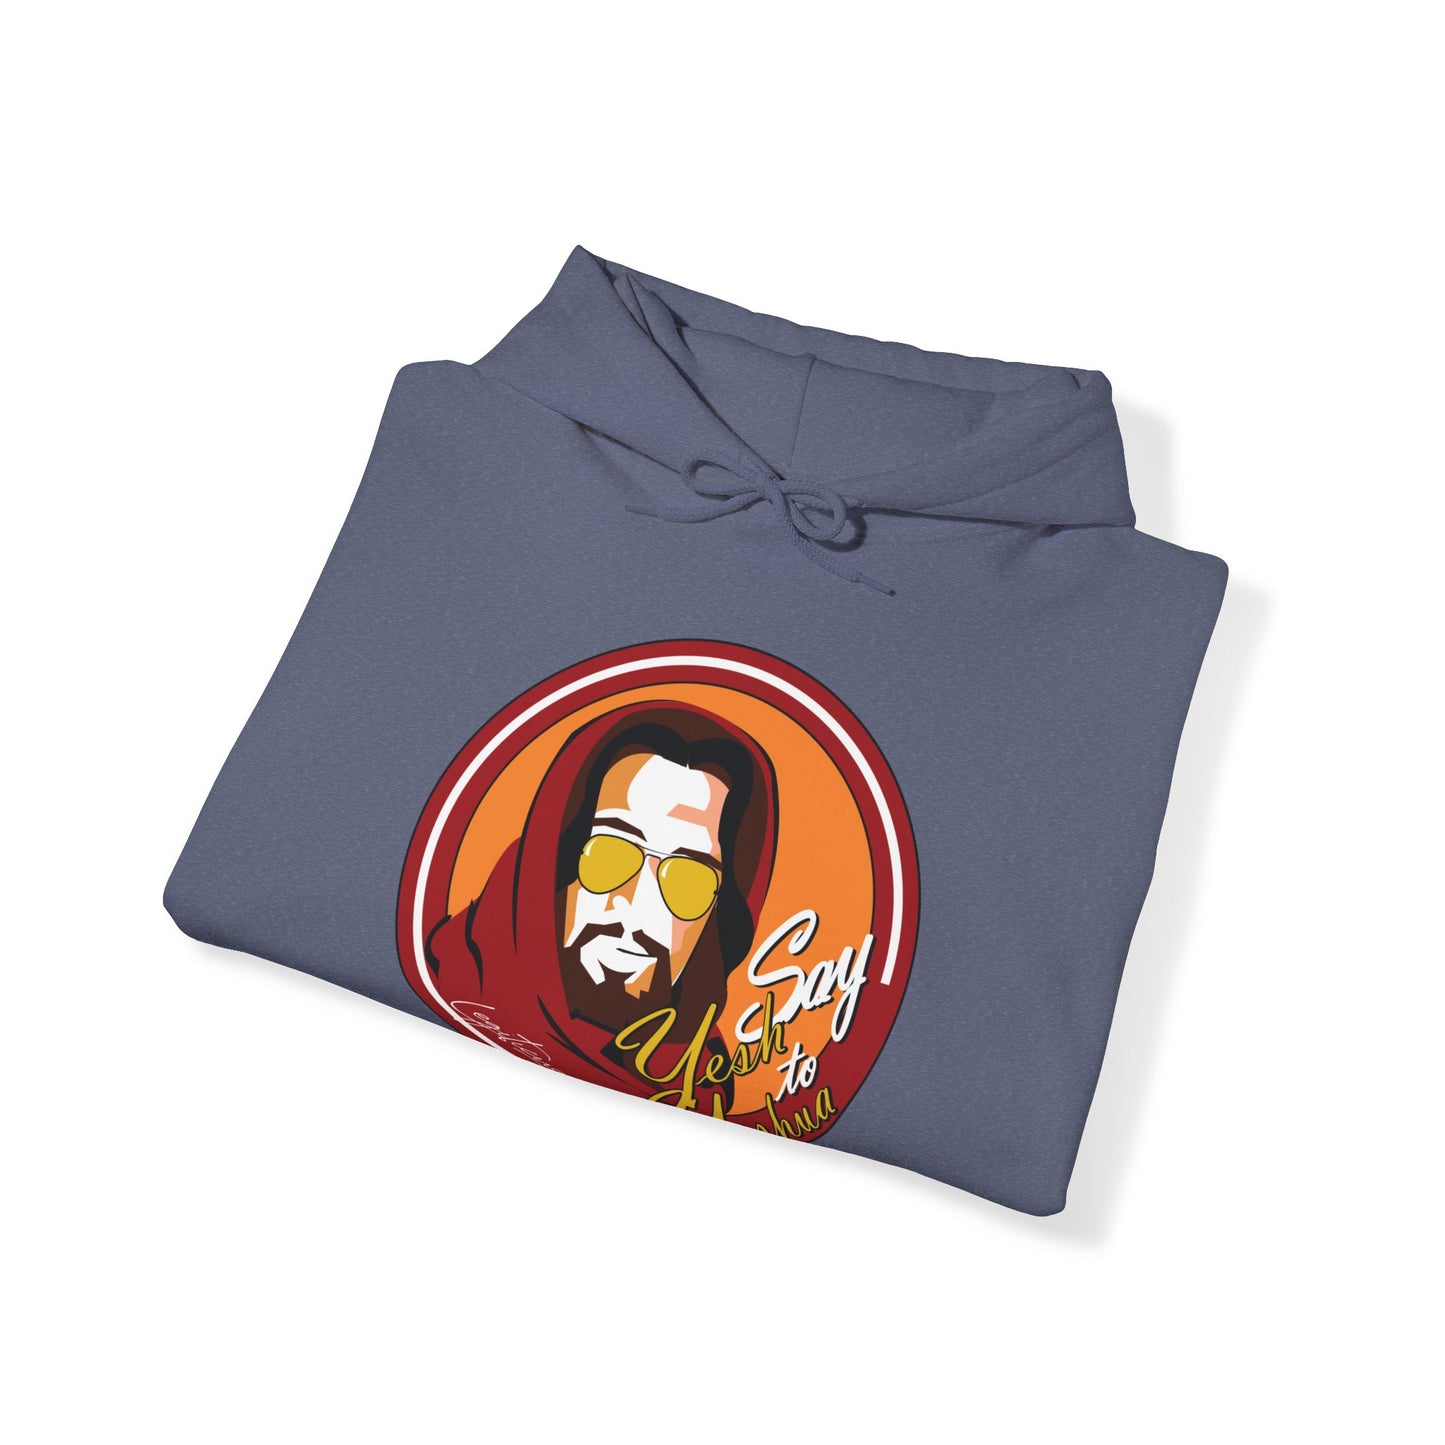 Say Yesh to Yeshua red and gold Hooded Sweatshirt
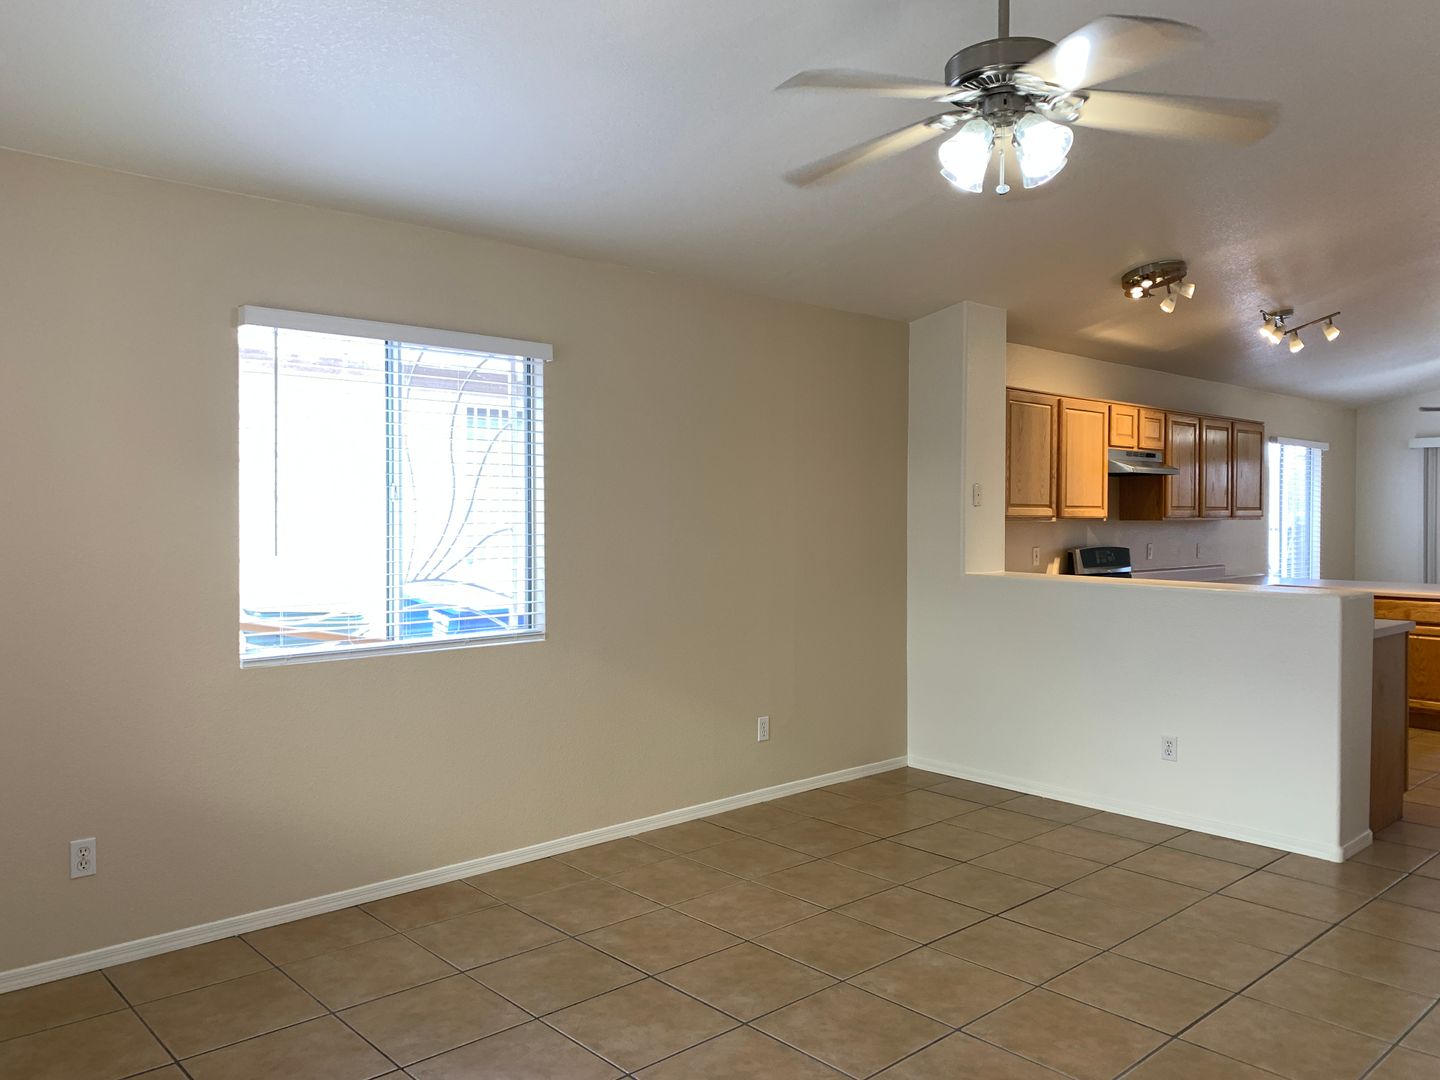 Welcome to 2439 S Saint Pablo Dr., a spacious 3 bedroom, 2 bathroom home located in Tucson, AZ
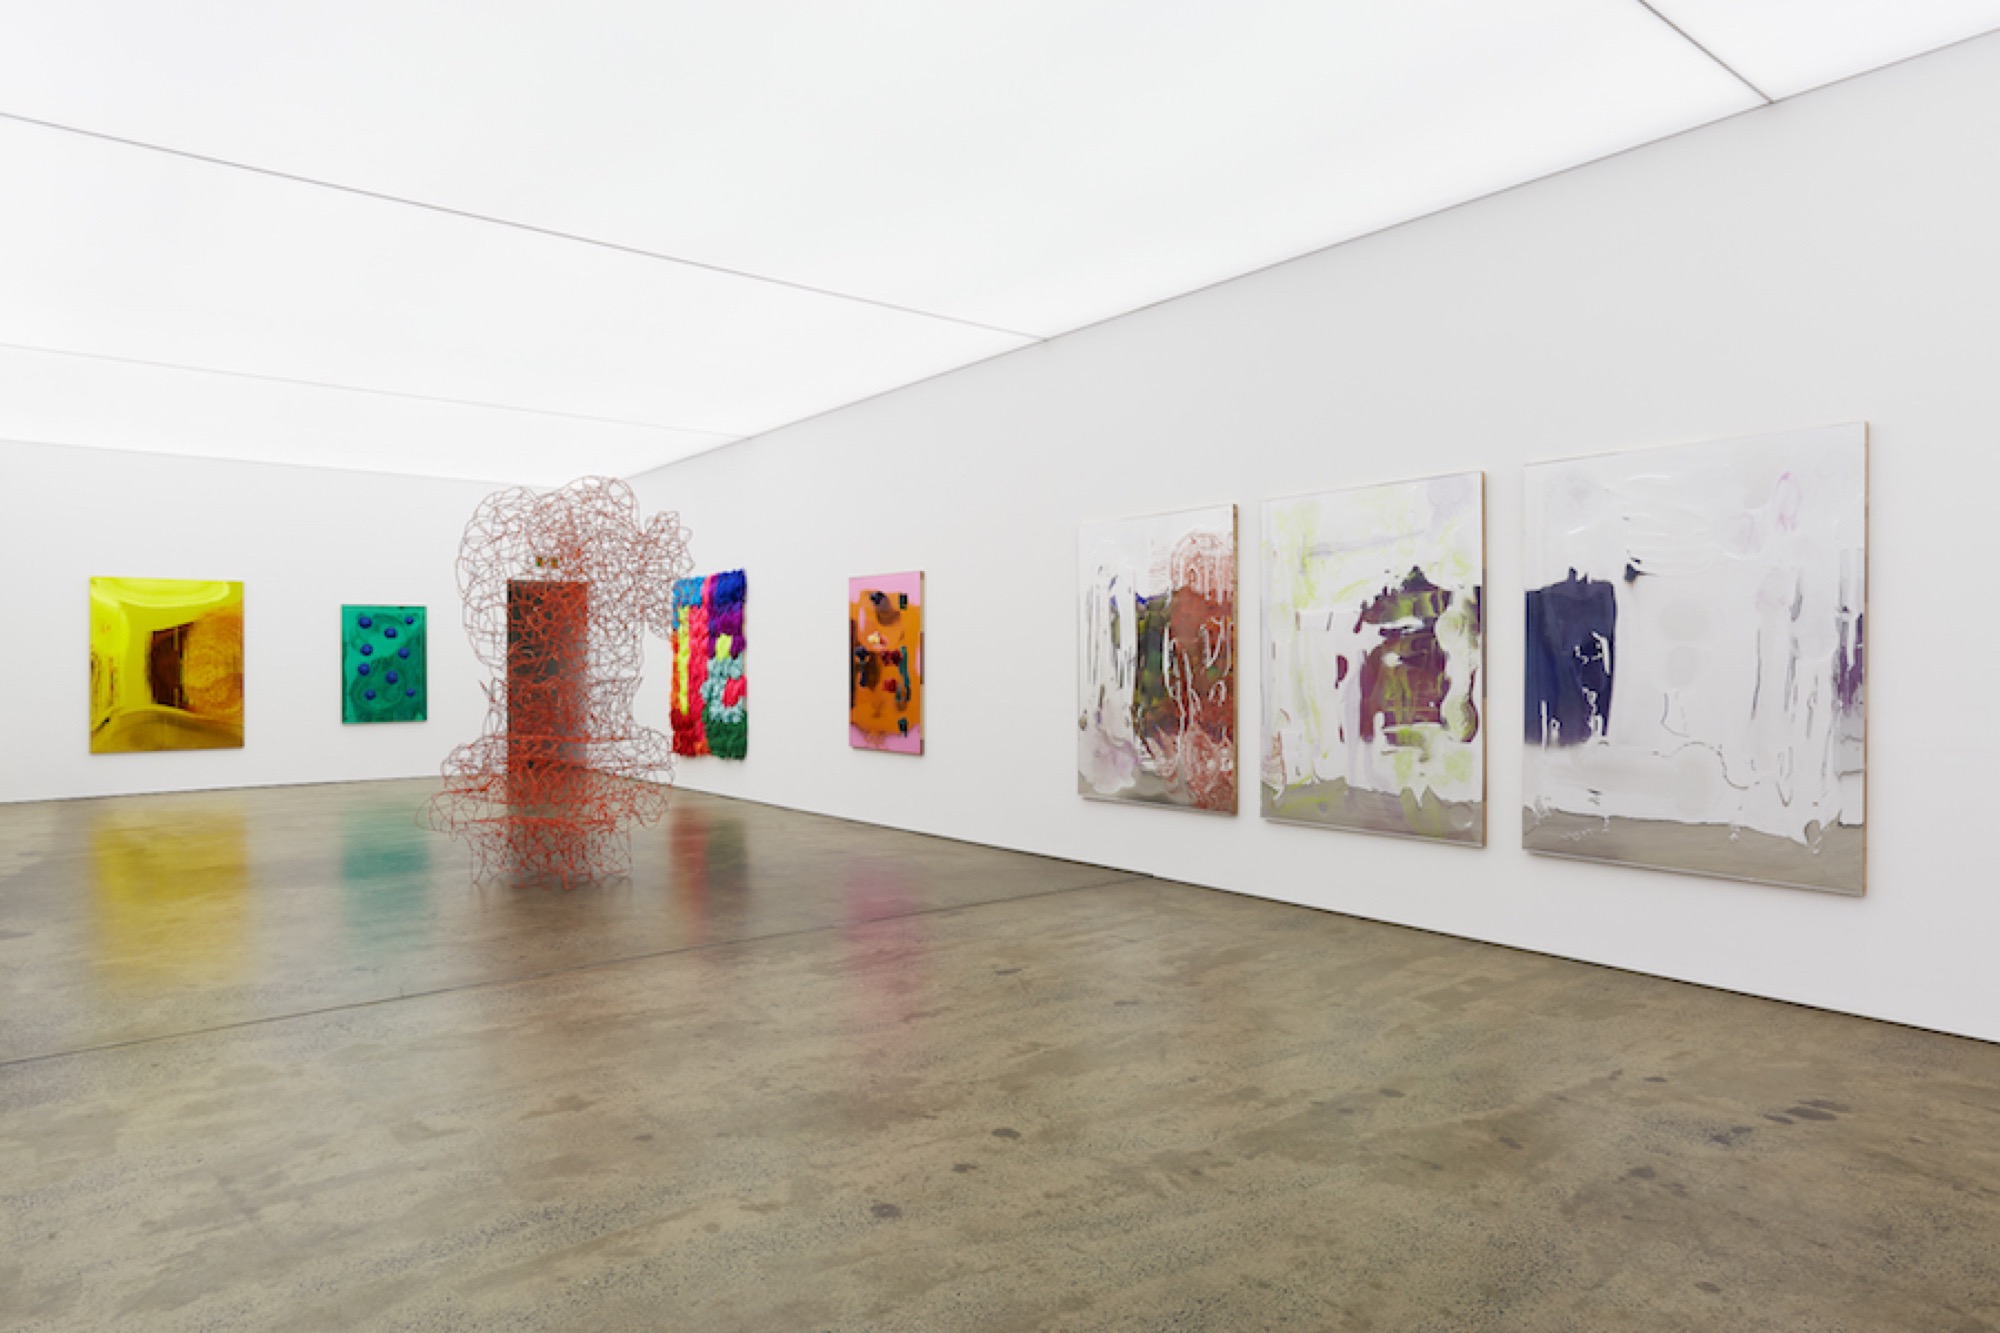 Dale Frank, installation view, 2017, Photography by Christo Crocker.
= = =
§ REQUIRED WORK
Give back the full data exactly as it reads, but drop the pictures.

§ TASK OUTPUT
 Say Yesh to Yeshua red and gold Hooded Sweatshirt
 Welcome to 2439 S Saint Pablo Dr., a spacious 3 bedroom, 2 bathroom home located in Tucson, AZ
 Dale Frank, installation view, 2017, Photography by Christo Crocker.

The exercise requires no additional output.